Ali Munro, Creative at Amplify has recently been playing with the latest AI tools that have emerged and dominated the headlines. He’s been inspired by the new tools that democratise creativity, allowing him to bring his ideas to life in new ways and to express himself quickly and easily, leaving him to concentrate on big-idea thinking and creative direction – however whilst experimenting with MidJourney over Christmas to create a “New Year, New Me” concept, he discovered for himself that these new AI tools are built on the same gender, racial and sexual biases today – perpetuating issues in today’s society. We sat down with Ali to better understand his experience and to spotlight the issues. 

Ali is a mixed white, a south Asian man and after uploading a picture of his face into MidJourney (a generative AI that converts text prompts to imagery) and asking for it to reimagine his occupation, almost all the images veered towards white-centric faces. 

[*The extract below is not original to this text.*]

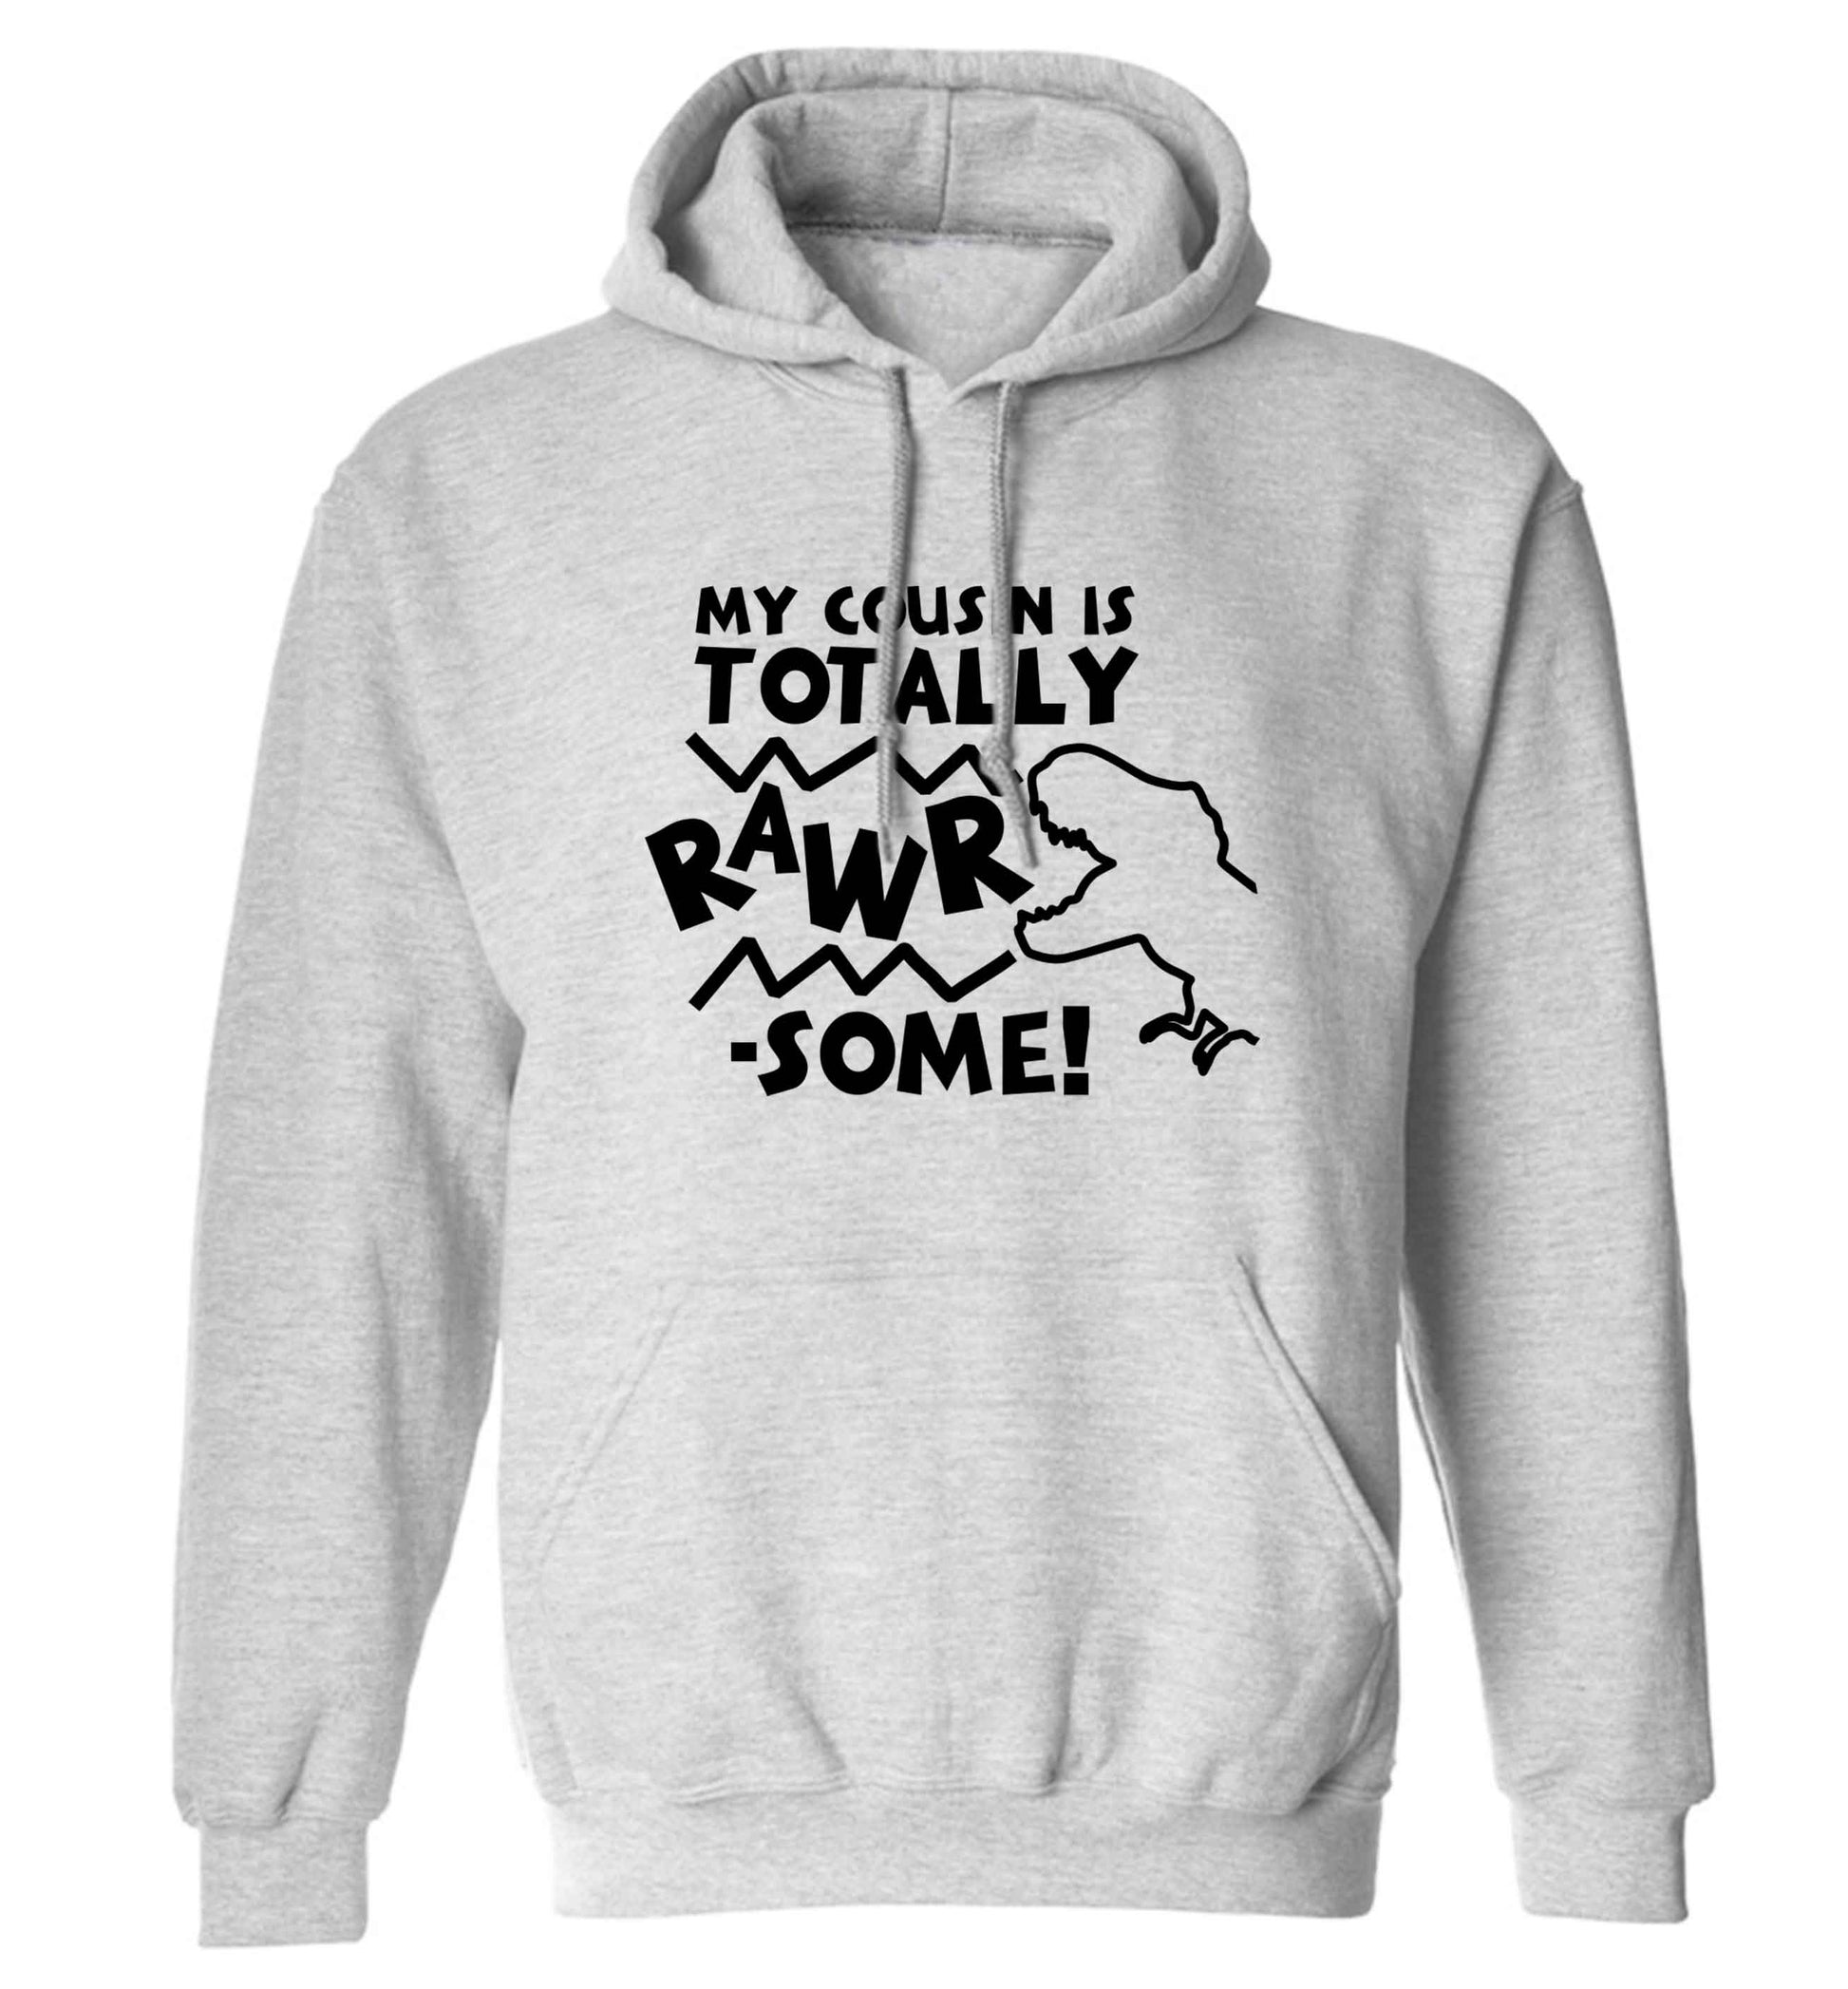 My cousin is totally rawrsome adults unisex grey hoodie 2XL

To understand why this happened, we need to look at what MidJourney’s dataset is (the big library of imagery that the AI references to create it’s new content) in an interview with Forbes, MidJourney founder David Holtz described the dataset that MidJourney is built from is hundreds of millions of images sourced in “... just a big scrape of the internet”.

Though we can’t see the dataset for ourselves, what we all know and are mindful of is the internet has inherently been built with gender, racial and sexual preference biases, from the majority of those building within it historically being pale, male (and stale) in silicon valley – through to the content and imagery perpetuating stereotypes. 

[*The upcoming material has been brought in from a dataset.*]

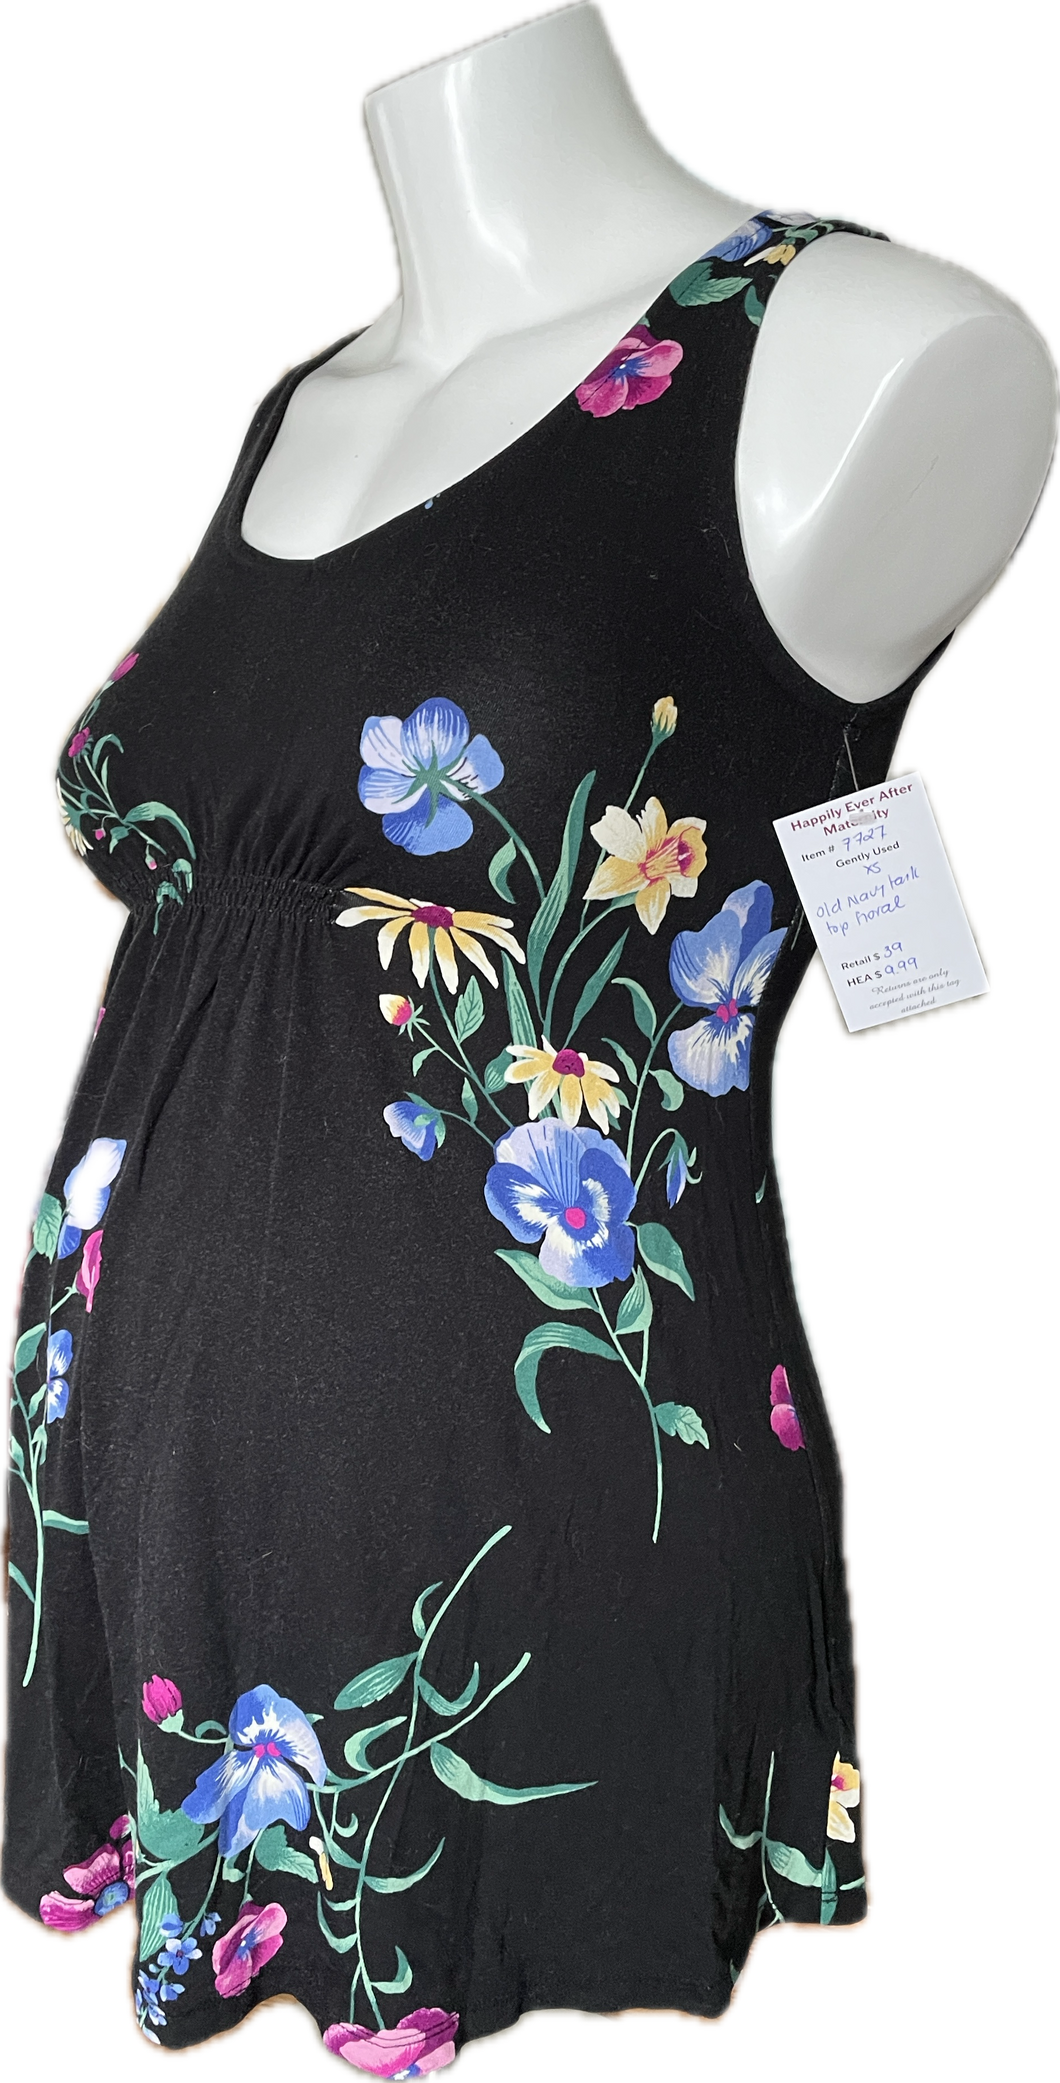 XS Old Navy Maternity Tank Top in Floral Print

Therefore, MidJourney is no different since it’s built on that foundation – therefore, we need to make sure people are aware of this issue, so Ali decided to experiment to test some of the issues it presents. 

Experiment: Good Vs Bad

Typing into MidJourney “good person” or “bad person” as text prompts, he wanted to see how the machine might render this imagery. The issue doesn’t seem to be that Midjourney is racist, and casts people of colour in a negative way, but that it's unrepresentative, regardless of the prompt it seems to imagine every avatar as a white person, usually male.

Good Person (left), Bad Person (Right)

Experiment: Jobs

He then experimented with job roles, typing occupations typically associated with high incomes and ‘success’, such as doctors and lawyers, and those associated with lower incomes and viewed pejoratively such as a street cleaner or bin man. Once again these produced white faces. 

Doctor (left), Lawyer (Centre), Garbage Collector (Right)

Experiment: Happy vs Sad

Finally, looking into more emotional responses and asking for imagery to represent a “Happy person” or “sad person” yielded some interesting results. Clearly, there's a bias here in the gender roles being depicted.

Happy person (left), Sad Person (right)

Unless prompted, the AI will default to white-centric people's faces and features. This clearly supports the theory that the issue is the lack of representation of the data.  Western culture is unrepresentative and unequal and white cis-gender men make up the majority of high-paying status jobs. 

What we need to be mindful of is these biases when using these tools to jumpstart any creativity and how it might be perpetuating the same societal issues we have today. We also should consider the implications for any non-white person when it comes to having to add conditions or specificity to have an intent that is more representative, essentially another moment of ‘othering’ or marginalised cultures and people.